Summer data appear to have given doves a boost ahead of Thursday’s Bank of England (BOE) rate decision, with just 2.5 percent of analysts polled by Reuters expecting a rate rise.
Investors seem to be nodding in agreement with market indicators pointing to a mere 8 percent chance of a 25 basis point tightening this week.
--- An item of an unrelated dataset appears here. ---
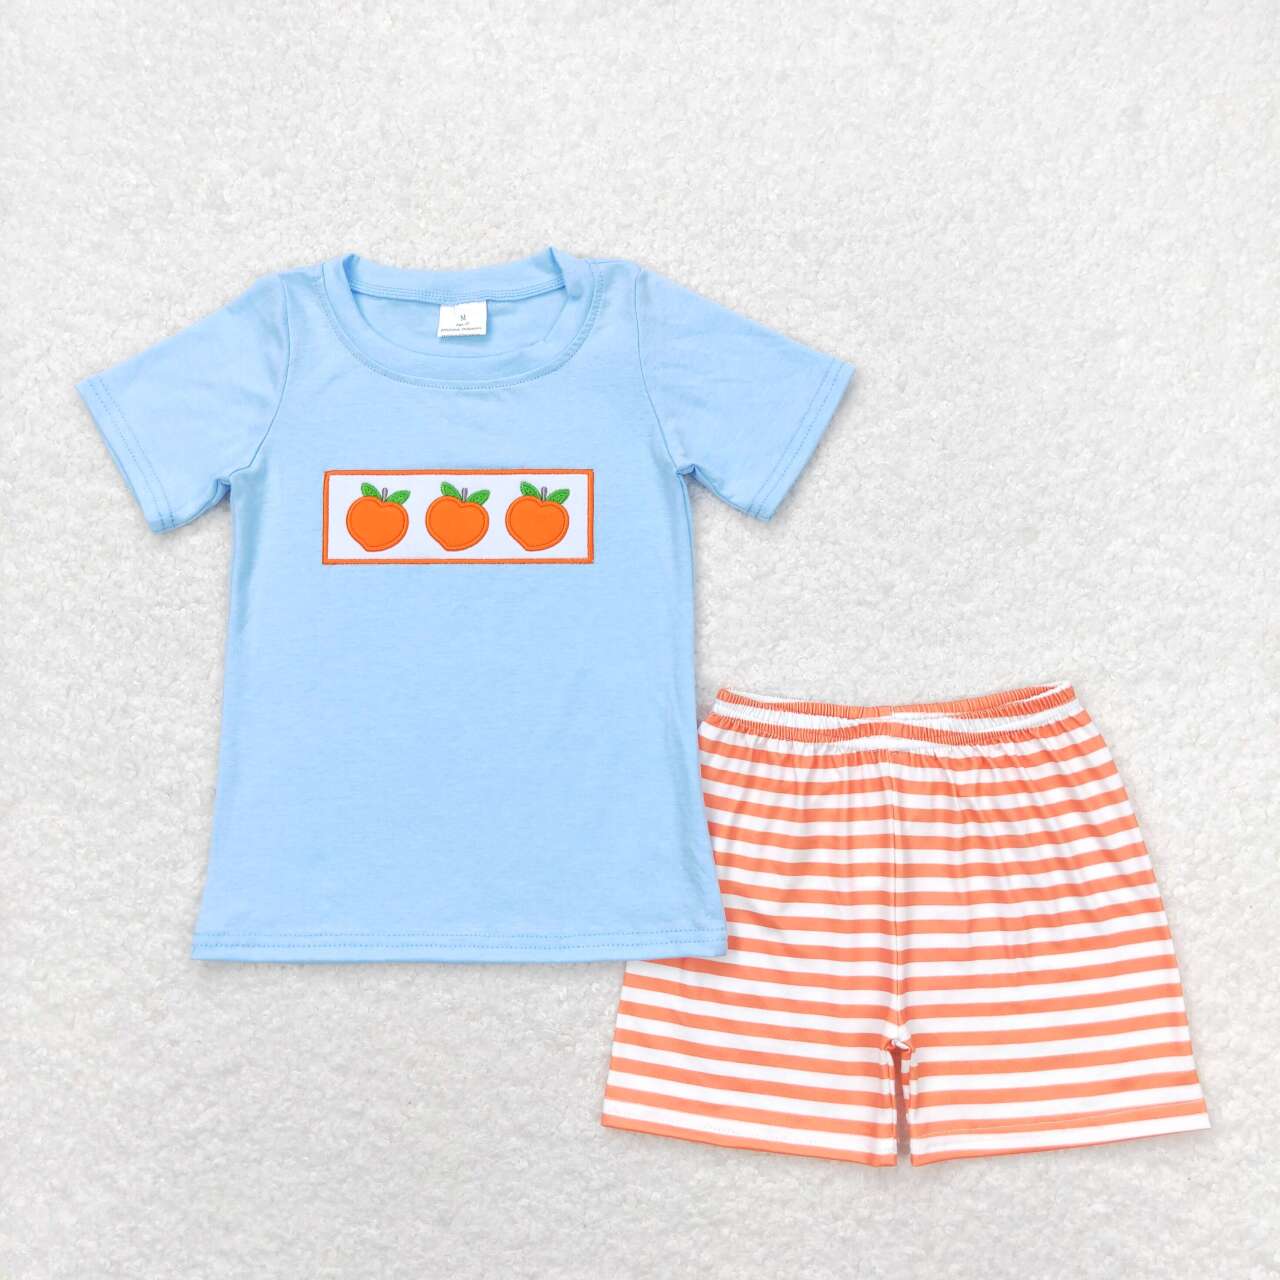 peach embroidery stripe boys shorts set summer clothing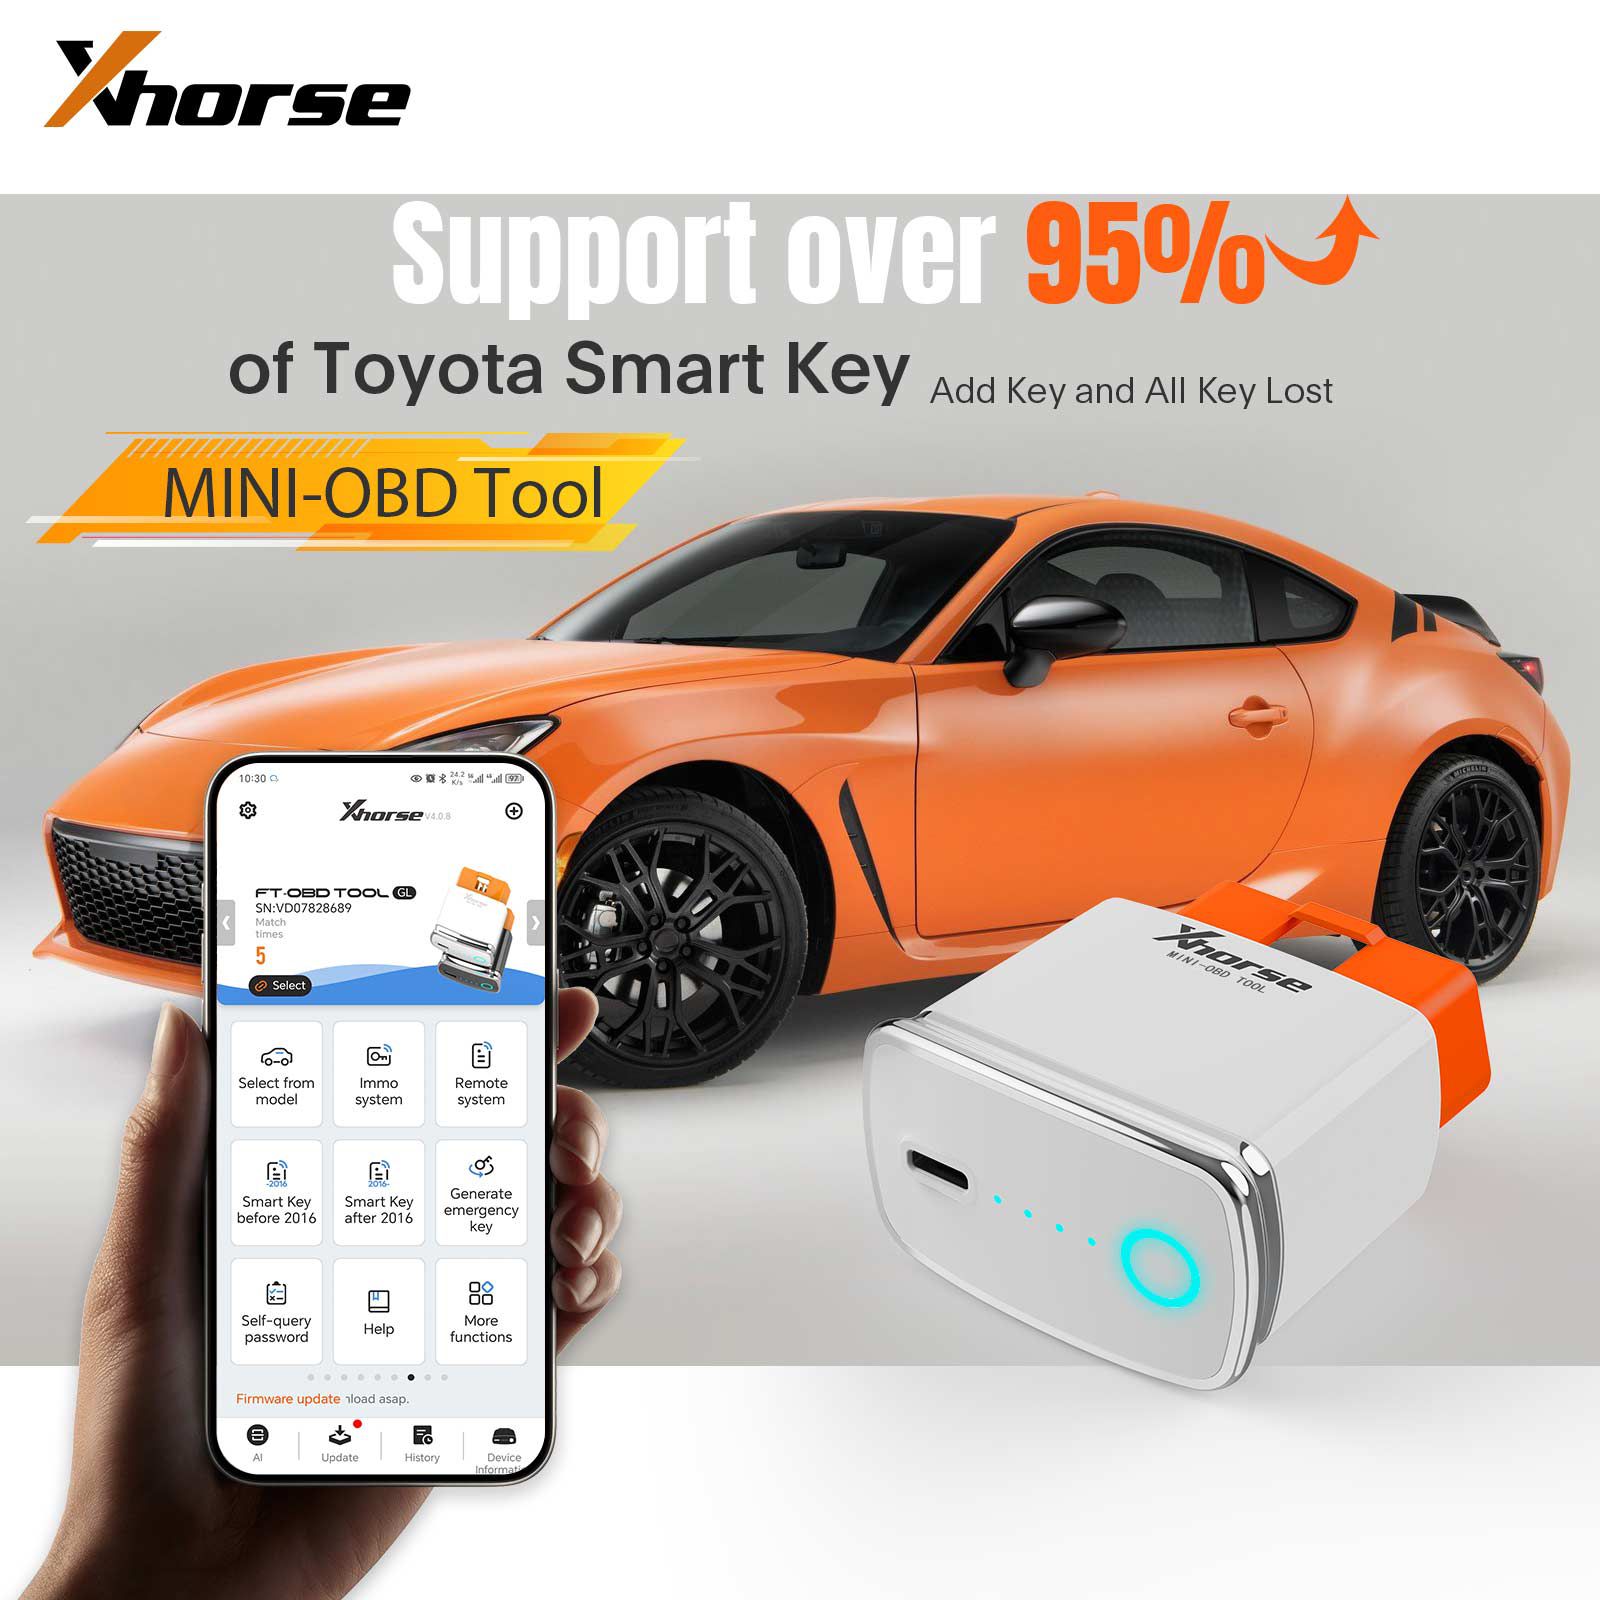 2023 Xhorse MINI OBD Tool FT-OBD for Toyota智能钥匙支持添加钥匙和丢失所有钥匙

Yet at the beginning of the summer, divisions at the bank’s MPC’s (Monetary Policy Committee) were sharply exposed with a surprise 5-3 vote split on whether to raise interest rates.
The hawkish minority saw inflation – measured by the consumer price index (CPI) – consistently above the BOE’s target of 2 percent while unemployment reached 40-year lows.
Meanwhile, doves – who believe in easy monetary policy and are more concerned on jobs – preached that inflation has peaked, and warned on sluggish growth rates amid a backdrop of volatile Brexit fueled politics.
While these fault lines remain, heading into the meeting the second-quarter data increasingly support the latter argument and Governor Mark Carney’s Brexit-fueled concerns.
Inflation has been central to Threadneedle Street’s recent focus. Contrary to most of the developed world it has been high, reaching 2.9 percent in May. In this context June’s CPI reading was significant coming in at 2.6 percent emboldening those who have argued peak inflation has been reached.
In addition, as Morgan Stanley analysts pointed out last week, even this is not the result of a booming economy and rising service prices but rather goods inflation, susceptible to one-off external factors like the politically-induced weaker pound. Governor Carney is known to be looking for more domestically generated inflation before fully buying into what look like robust CPI numbers.